In [3]:
import numpy as np
import pandas as pd
from scipy.stats import shapiro, kstest, anderson, normaltest, skew, kurtosis

# Generate normally distributed age data
age = np.random.normal(loc=40, scale=10, size=1000)

# Generate normally distributed savings_amount data
savings_amount = np.random.normal(loc=50000, scale=10000, size=1000)

# Create a DataFrame
df = pd.DataFrame({
    'Age': age,
    'SavingsAmount': savings_amount
})

df


Unnamed: 0,Age,SavingsAmount
0,42.079630,46745.969581
1,63.790518,36531.299916
2,23.799048,59862.622681
3,26.203016,50119.359177
4,55.488219,51942.992305
...,...,...
995,41.045186,44243.445209
996,50.303197,41593.025575
997,42.753055,42804.080771
998,34.426948,36341.481447


In [5]:
# Shapiro-Wilk Test
stat, p = shapiro(df['Age'])
print('Shapiro-Wilk Test: Statistics=%.3f, p=%.3f' % (stat, p))

# Kolmogorov-Smirnov Test
stat, p = kstest(df['Age'], 'norm')
print('Kolmogorov-Smirnov Test: Statistics=%.3f, p=%.3f' % (stat, p))

# Anderson-Darling Test
result = anderson(df['Age'])
print('Anderson-Darling Test: Statistics=%.3f' % (result.statistic))

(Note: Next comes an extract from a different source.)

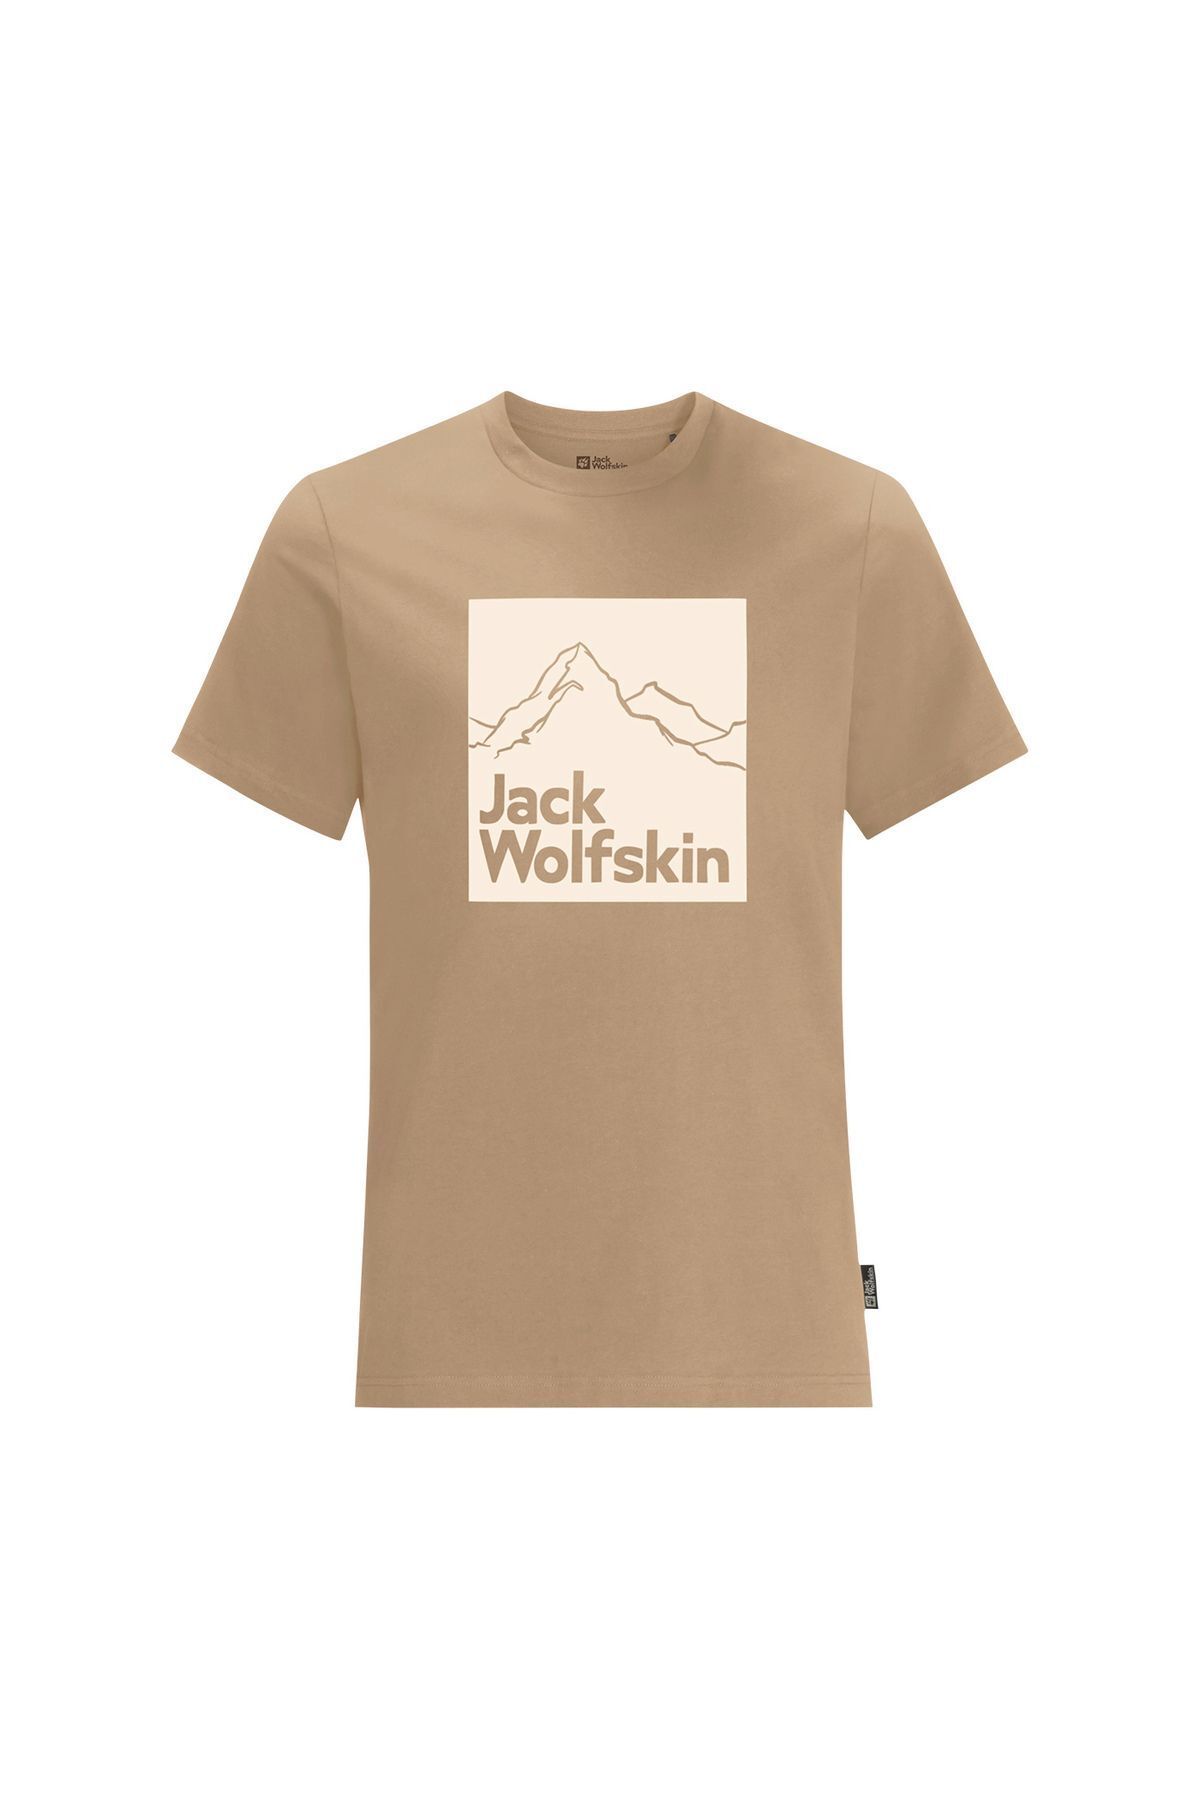 Jack Wolfskin Brand Erkek T-shirt

# D'Agostino and Pearson's Test
stat, p = normaltest(df['Age'])
print('D\'Agostino and Pearson\'s Test: Statistics=%.3f, p=%.3f' % (stat, p))

# Skewness and Kurtosis
s = skew(df['Age'])
k = kurtosis(df['Age'])
print('Skewness=%.3f, Kurtosis=%.3f' % (s, k))


Shapiro-Wilk Test: Statistics=0.999, p=0.909
Kolmogorov-Smirnov Test: Statistics=1.000, p=0.000
Anderson-Darling Test: Statistics=0.238
D'Agostino and Pearson's Test: Statistics=0.990, p=0.609
Skewness=-0.076, Kurtosis=-0.028


In [None]:
# NULL Hypothesis: The data is normally distributed 
# In the above tests, if the p-value is < 0.05, we can reject the NULL Hypothesis.